In 1977, President Jimmy Carter’s administration launched the National Childhood Immunization Initiative, which funneled federal resources to states to encourage mass immunization and asked governors to ensure their immunization laws covered all recommended vaccines—a list that by then comprised polio, diphtheria, pertussis, tetanus, mumps, rubella, and measles. The Carter initiative brought immunization rates among children close to 90% across the board, an unprecedented level.


In 1981, which was Carter’s last year in office, 96% of all schoolchildren were vaccinated against measles and the number of measles cases was at an all-time low.

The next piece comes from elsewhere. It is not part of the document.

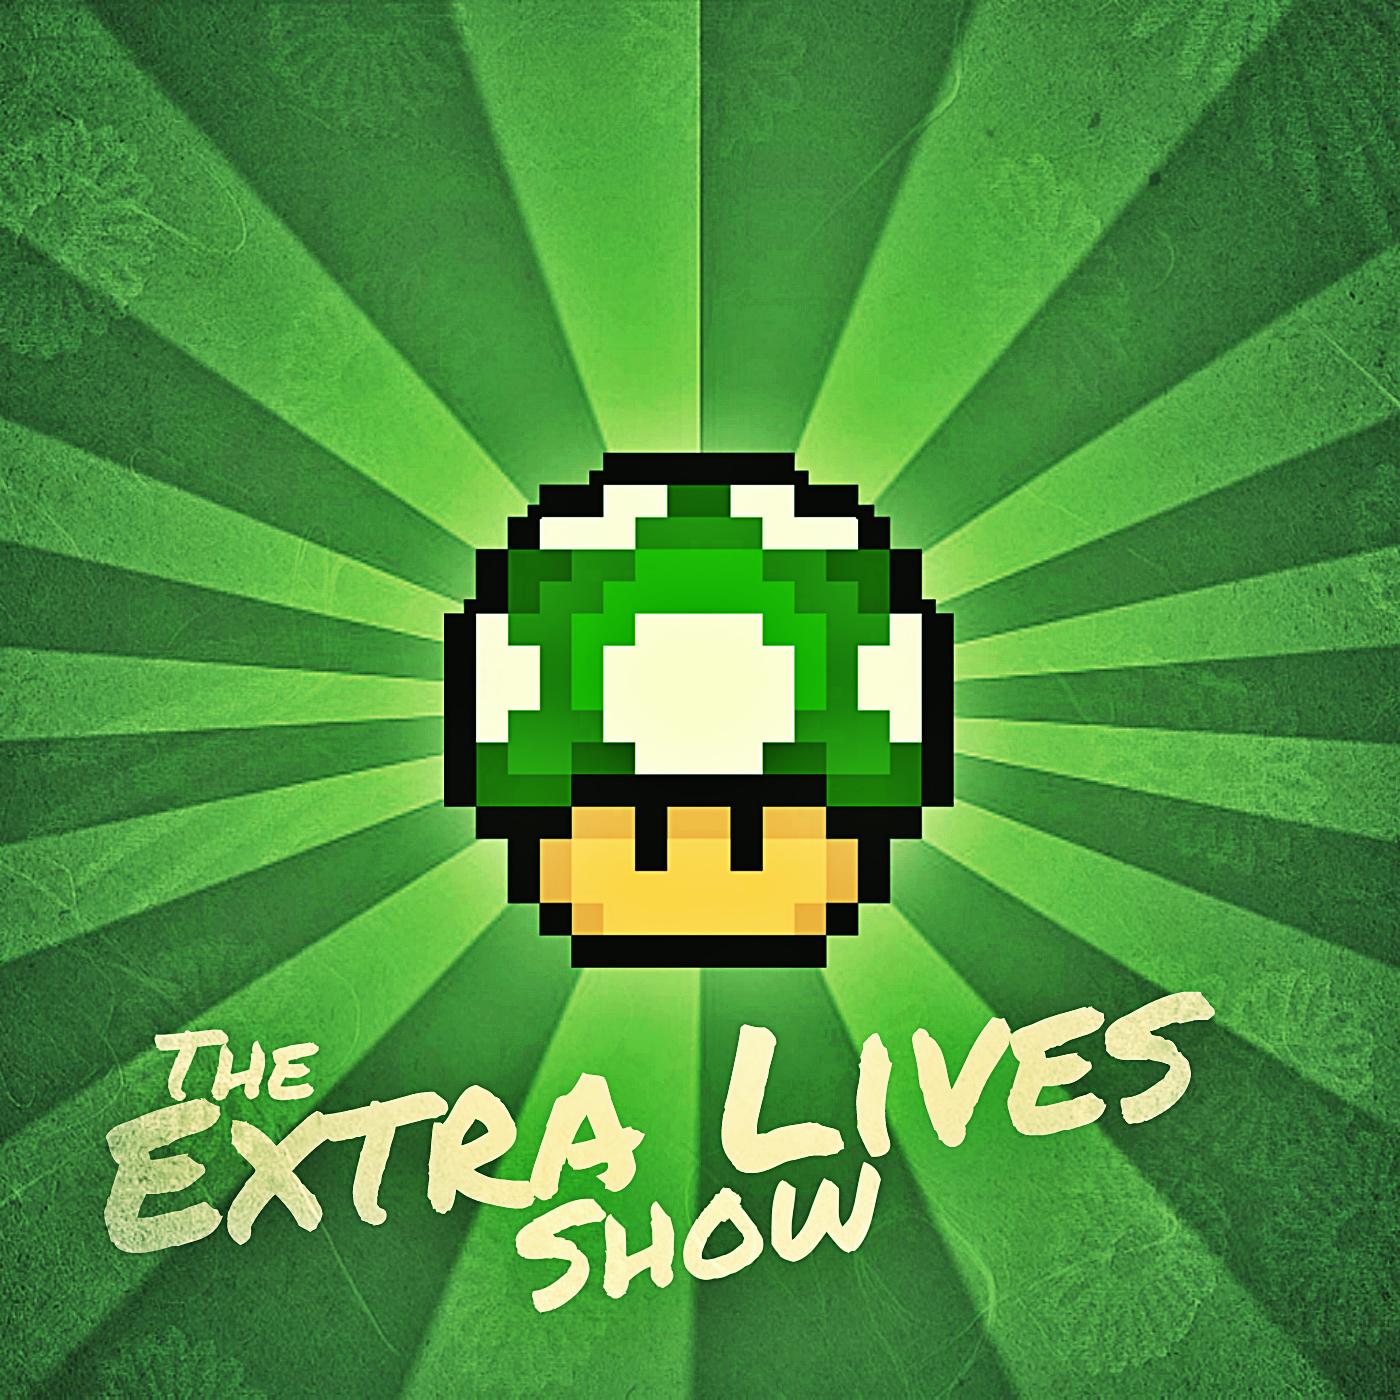 Extra Lives Show
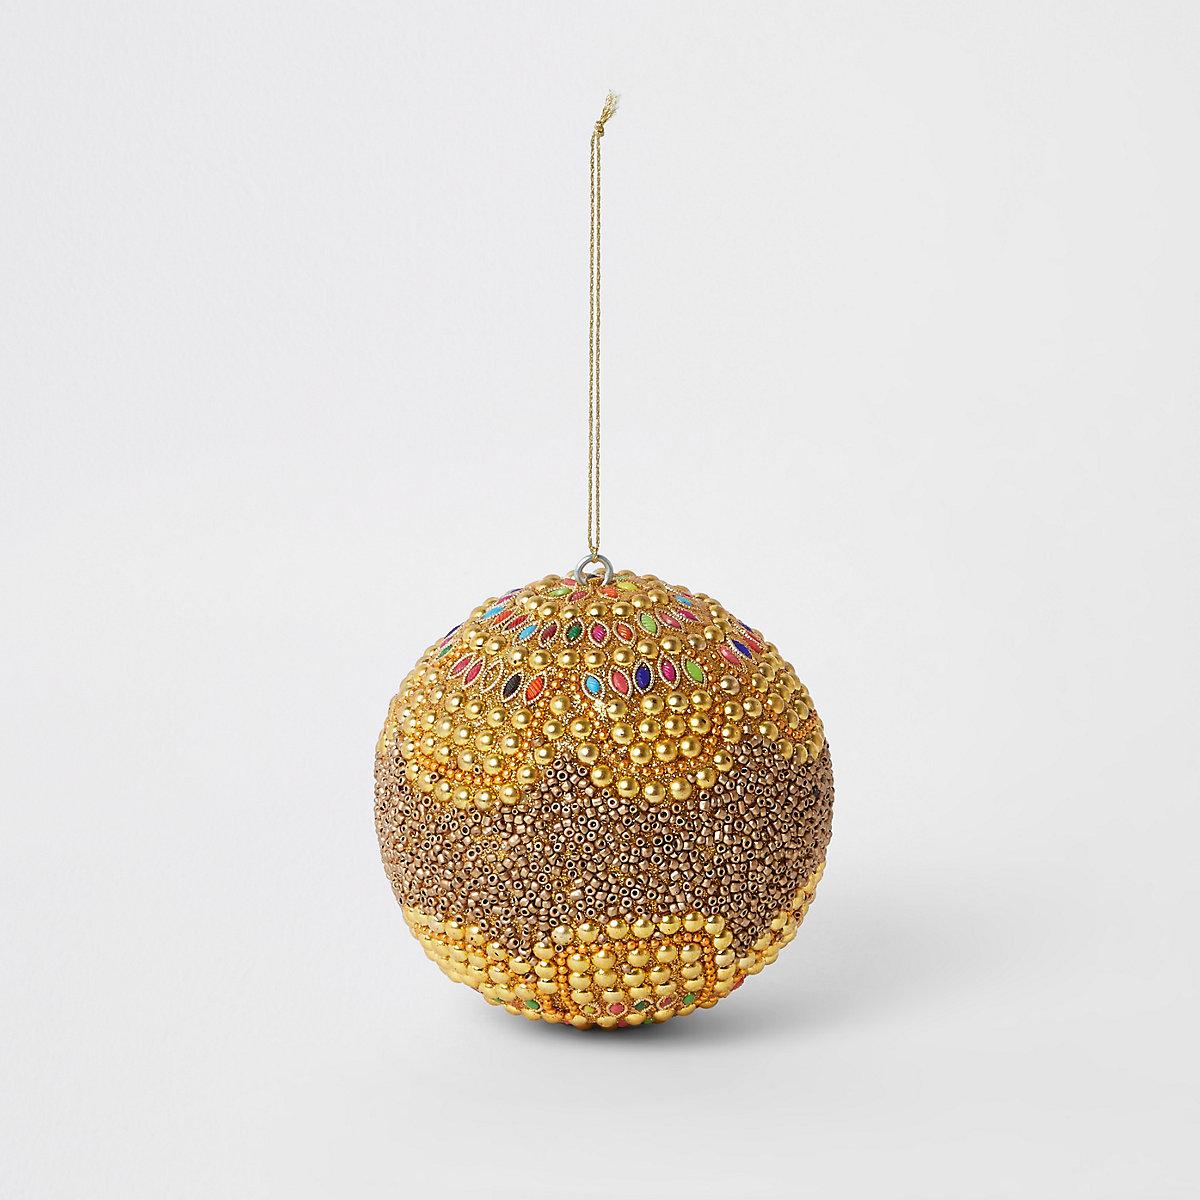 Boule de Noël dorée brillante ornée de perles

By this time immunization protocols had been simplified due to the new technology of the measles-mumps-rubella (MMR) vaccine.

In the 1980s, vaccine hesitancy rose to the forefront with parents questioning the safety and necessity of vaccines for their children. It was historically a time of social reforms including patients’ rights, women’s rights, and environmental protection.

In 1986 the National Childhood Vaccine Injury Act was passed, which required the federal government to inform parents of both the benefits and risks of vaccines and required vaccine providers to report vaccine injuries to federal authorities.

It also established the National Vaccine Injury Compensation Program. Local organizations across the country began targeting laws requiring vaccines for school, calling for repeals and personal-belief exemptions to be added to the medical and religious exemptions.


At the beginning of the 1990s, the U.S. had an organized, national movement that was critical of vaccine safety, another movement working to erode mandates, and a dramatic resurgence of measles. The devastating measles outbreaks of 1989-1991 caused more than 50,000 cases and 150 deaths.

In 1993, President Bill Clinton’s first year in office, he placed access to childhood vaccines at the forefront of his administration’s health reform efforts (moved in part by the measles epidemics of the preceding years, which as in the 70s was largely caused by the lack of access to vaccines by disadvantaged populations.)

Clinton signed into law the Comprehensive Child Immunization Act which created an entitlement program called Vaccines for Children. VFC was to provide free vaccines for all Native American and Alaska Native children, children without insurance, children covered by Medicaid, and children whose insurance did not cover vaccines.

Although the Clinton administration had initially proposed free vaccines for all U.S. children, the program approved by Congress was a compromise. Nevertheless, it helped bring toddler immunization rates to historic heights by the end of Clinton’s first term and soon eliminated racial disparities in MMR vaccination rates.

Clinton’s last year in office would go down in public health history as the year measles was officially “eliminated” from the United States: the disease was no longer endemic, and the only remaining cases were imported from abroad or spread by such cases.


In 2001, the Institute of Medicine (IOM) launched a program to investigate 8 vaccine safety concerns, including an MMR–autism link. In 2004, the IOM investigations concluded and found no connection between autism and any vaccines. 

In 2011, the Lancet article published in 1998 by Andrew Wakefield linking autism to vaccines was retracted after it was found to be incorrect.

In 2014, the U.S. saw a large number of measles cases many associated with an outbreak among the Amish in Ohio.

In 2015, there was a multistate outbreak of measles tied to Disneyland which caused 129 cases of measles. Shortly after, California tightened school immunization laws.

In 2017, there was an outbreak of 65 measles cases in Minnesota linked to a Somali-American community with autism fears.

As of April of this year (2024), there have been 113 cases of measles reported.